« Pour une meme operation de secours, quand il faut 3 pompiers en lozere, il en faudra
10 + 15 CRS en seine saint denis. »
Je crois que vous confondez immigré avec voyou (d’origine étrangère ou non d’ailleurs).
Le fait que certains quartiers soient devenus des ghettos et des repères de bandes de voyous n’est pas dû aux immigrés, qui viennent en France pour améliorer leurs conditions de vie (comme le faisaient les européens, français compris quand ils s’expatriaient aux Etats-Unis ou au Mexique au cours des siècles précédents).
La formation de ghettos est un problème lié à une mauvaise politique de la ville, à des écarts de revenus devenus trop élevés ces dernières décennies, à une spéculation immobilière effrénée qui a progressivement condamné certains quartiers, autrefois prospères, à devenir le lieu de vie uniquement d’une population fragilisée et en perte de repères.
L’intégration n’est pas une chose facile, surtout lorsque l’on vient de pays où les modes de vie et les références sont complètement différentes. Le fait est que ces immigrés se retrouvent « entre eux » dans des quartiers dortoirs où il n’y a presque aucun emploi (+de 50 % de chômage parfois). L’intégration est à partir de ce moment impossible, et ces quartiers deviennent uniquement des terrains propices à la haine et à la rancoeur contre ceux qui ont la chance de ne pas y vivre.
Dans les zones où les immigrés se retrouvent au contact de la population française d’origine, il n’y a pas ce type de problème et l’intégration se réalise correctement, y compris avec des populations d’origine africaine ou proche-orientale.
Mais vous ne pouvez pas espérer intégrer une famille si celle-ci aussitôt arrivée en France, s’installe dans les quartiers les moins chers, et se retrouve avec d’autres populations immigrées et désoeuvrées avec tous les problèmes de trafics de drogue, d’armes et de violence que cela implique.
Alors oui en quelque sorte personne n’est responsable de cette situation, ni les immigrés (qui s’installent près de leurs connaissances déjà sur place et dans les quartiers pas chers) ni les français (qui n’ont pas sciemment « décidé » de parquer les immigrés dans des ghettos).
Maintenant, il n’empêche que les pouvoirs publics devraient réagir pour éviter que le phénomène ne prenne de l’ampleur. Il est sans doute trop tard pour les jeunes et moins jeunes qui ont déjà mal tourné dans ces ghettos. Mais on peut éviter que le phénomène se perpétue en cassant une bonne fois pour toute ces ghettos en rétablissant une véritable mixité sociale.
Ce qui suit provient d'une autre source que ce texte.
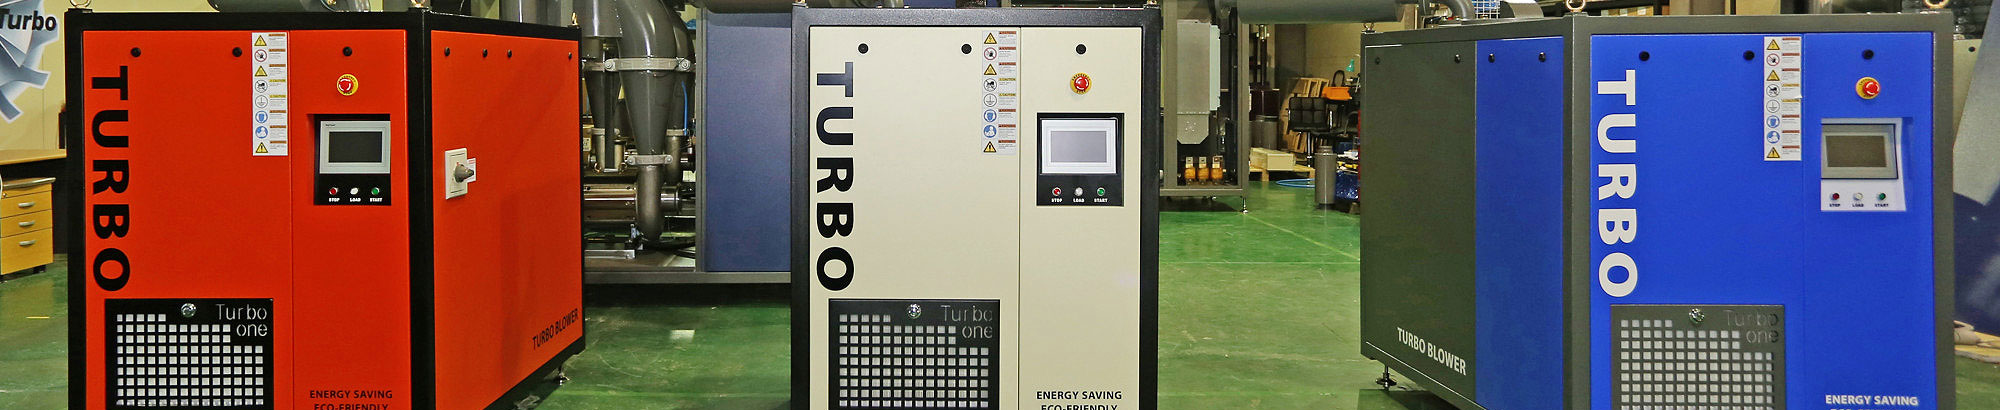 turbo banner

La première chose à faire, c’est que les nouveaux arrivants ne puissent pas s’installer dans ces quartiers (par la loi s’il le faut). Ensuite, il faut encourager le retour de français intégrés dans ces quartiers et favoriser le départ de familles immigrées dans d’autres régions plus équilibrées (peut-être à la faveur de l’obtention d’un emploi par exemple).
Evidemment, c’est plus facile à dire qu’à faire, même hors temps de crise, et c’est un chantier de très longue haleine... Mais il ne faut pas se tromper de diagnostic. Le problème ce n’est pas : « comment faire pour empêcher les immigrés (forcément mauvais par nature quand on lit certains commentaires) de s’installer en France ? » Le problème c’est « comment faire pour que ces populations puissent s’intégrer facilement dans la société française ? ». L’intégration est quelque chose de tout à fait naturel, qui ne pose normalement aucun problème, mais elle se déroule à l’échelle de l’individu ou de la famille. Or nos sociétés modernes ne sont pas attentives à cette échelle. Les politiques menées le sont à l’échelle d’une ville ou d’une région entière, elles ne tiennent pas compte de la situation individuelle de telle ou telle famille.
Donc nous avons là un chantier de grande haleine. Raison de plus pour commencer tout de suite.